With these images I expose feelings of guilt and victimization. Feelings acquired from the horrors of my childhood in Germany during WW II, the loss of my beloved father on the Russian Front, the dangerous and well kept secret of my mother’s Jewish background and personal emotional crises. Creating self-images became therapy, exorcism. Many of the images portray my heartache about my son’s mental illness. The sledgehammer diagnosis of his schizophrenia, my denial of it. My way of coping with the help of alcohol as an anesthesia.." The Diagnosis " "Denial" " Anesthesia" "The Escape"

A flower bouquet sent to me on Mothers’ Day found me analyzing the children’s school pictures, searching for answers. Where did I go wrong? Did I cause the illness? "Mother’s Day." In "September 18 " I observed myself sitting in paralyzing devastation by yet another hospitalization for David.
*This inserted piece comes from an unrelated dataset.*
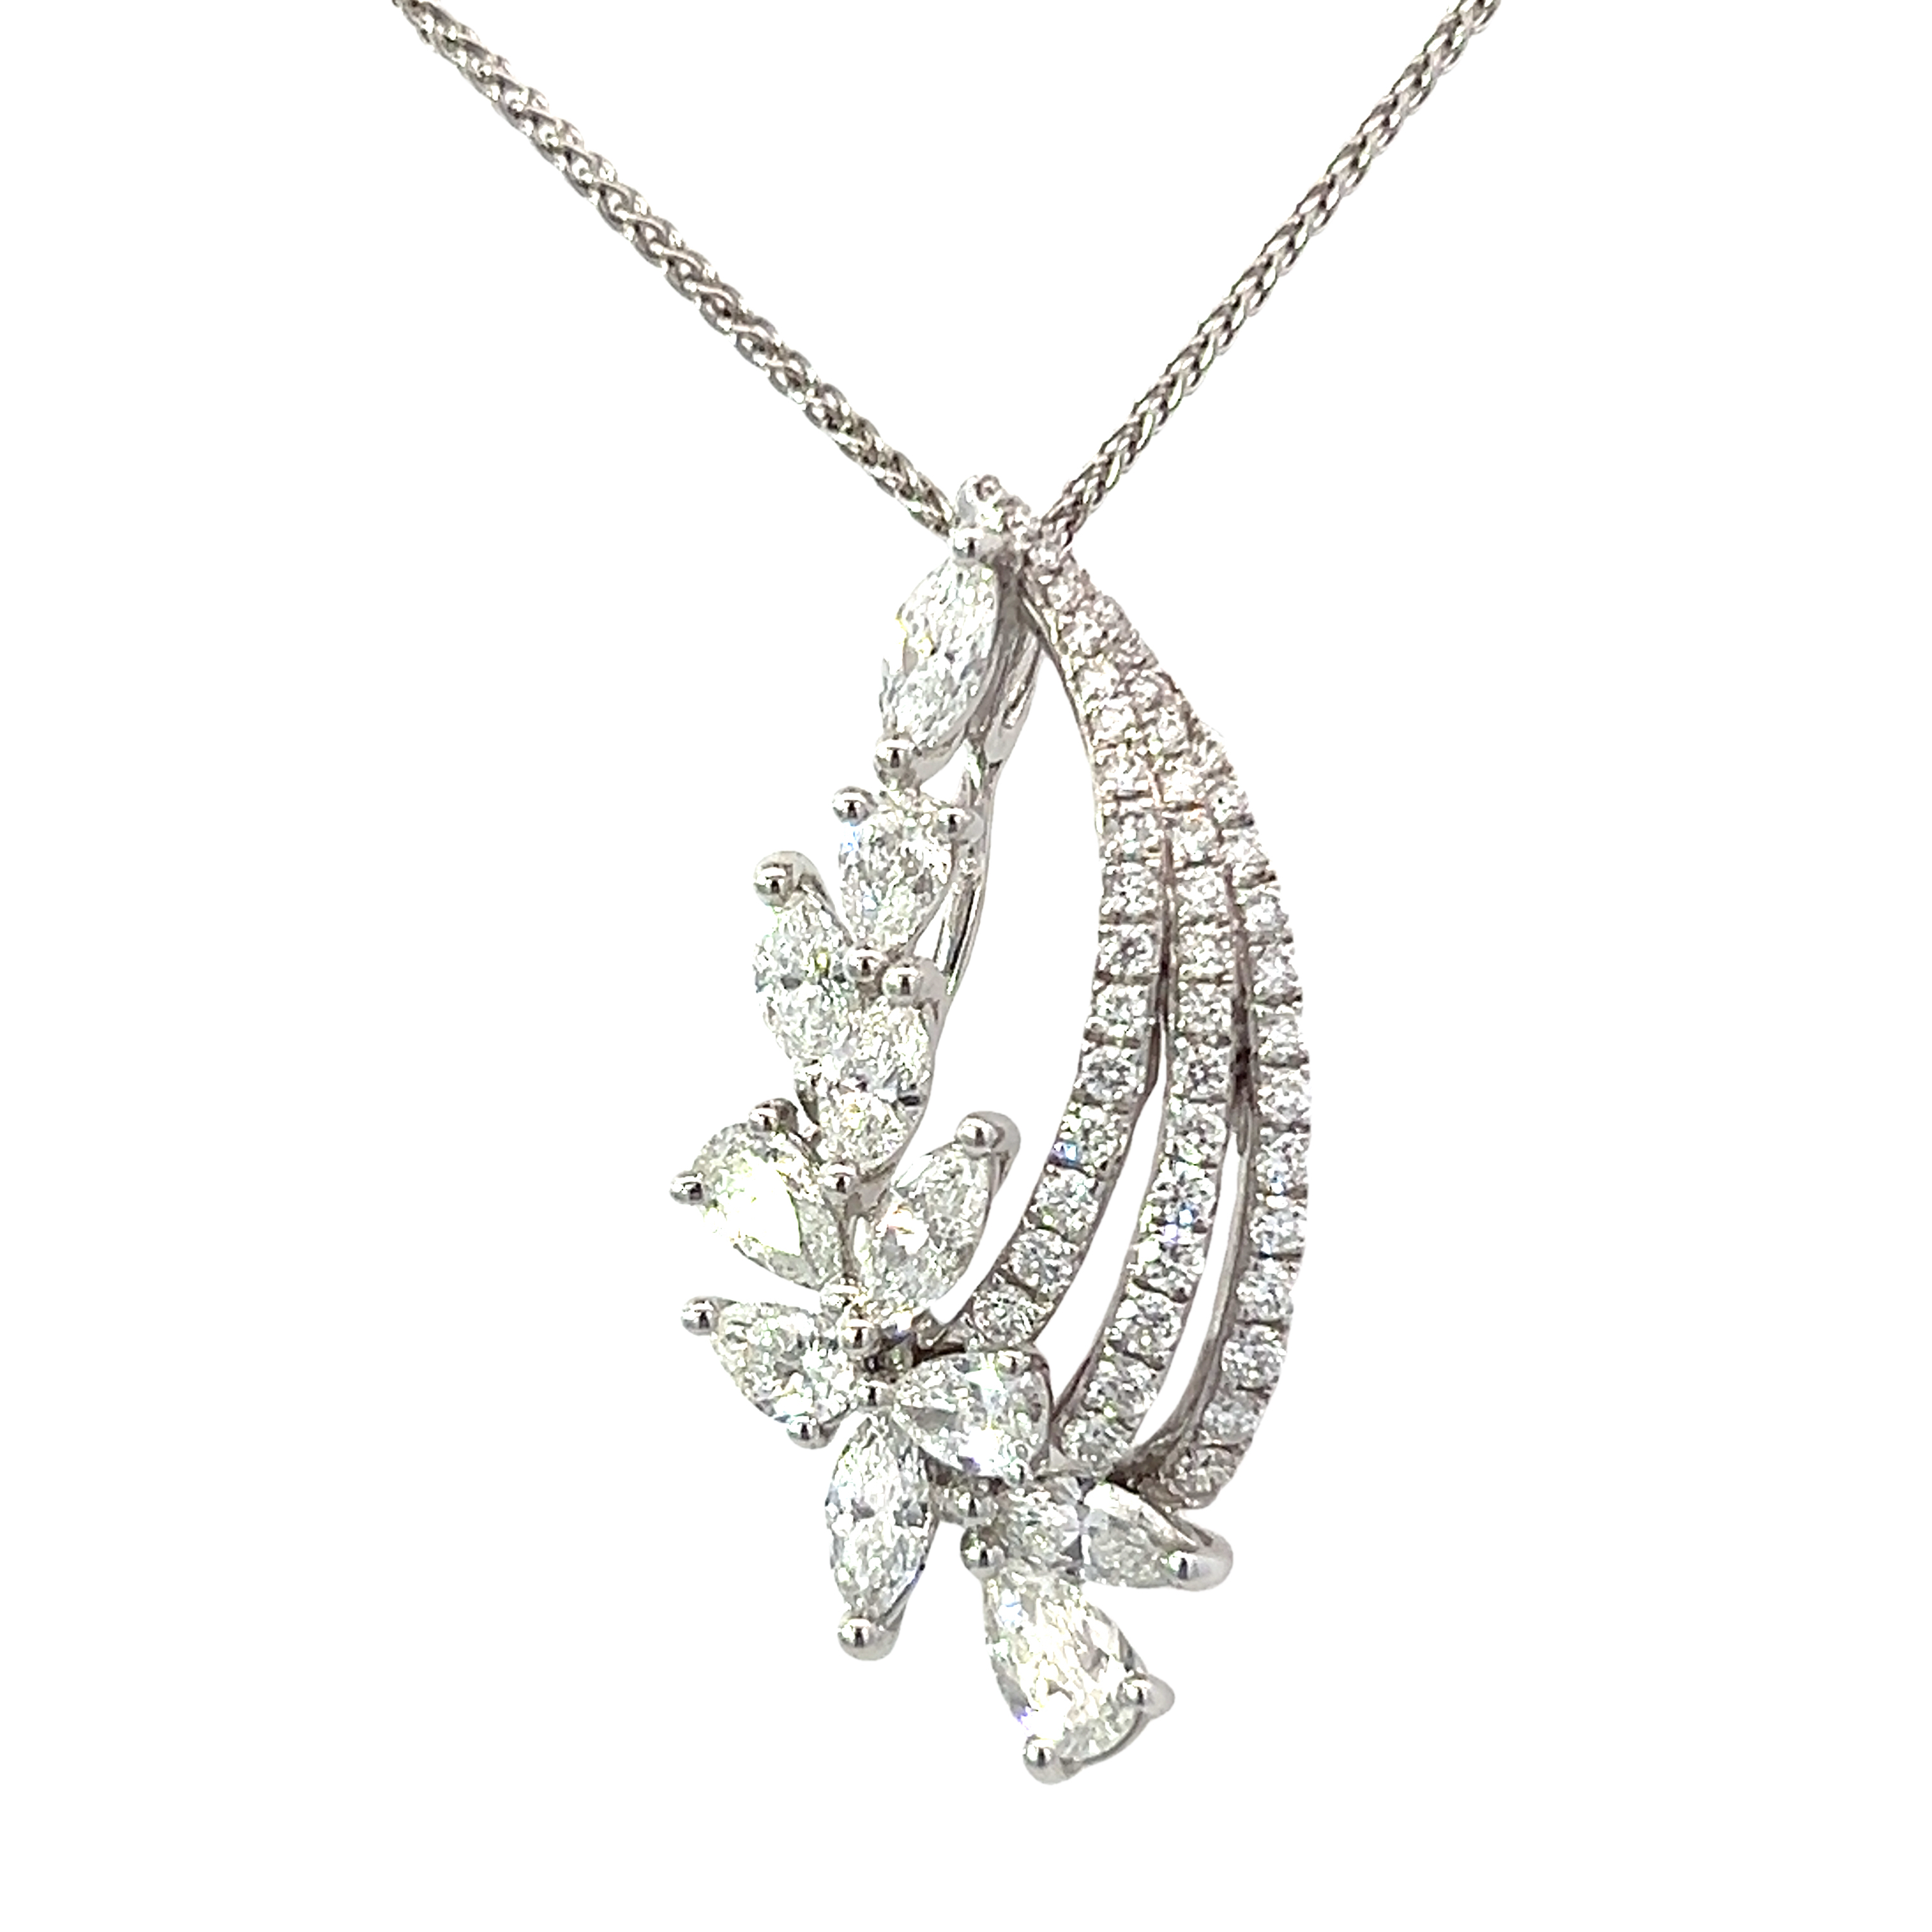 18 Carat White Gold and Diamond Floral 'Shooting Star' Pendant

Frightened to face the mutilation of a mastectomy, I focused the lens on the ugly scar and so was finally able to accept it when the image slowly developed in the darkroom. "Mutilation."

"The Poem " was inspired by a sacred gift, an experience that affected me deeply, a love poem from a woman, an awareness that love has no boundaries.

There were the joyous times but I never had a desire to portray them, instead I was driven to explore my sorrows and torments. It gave me a sense of inner order and peace.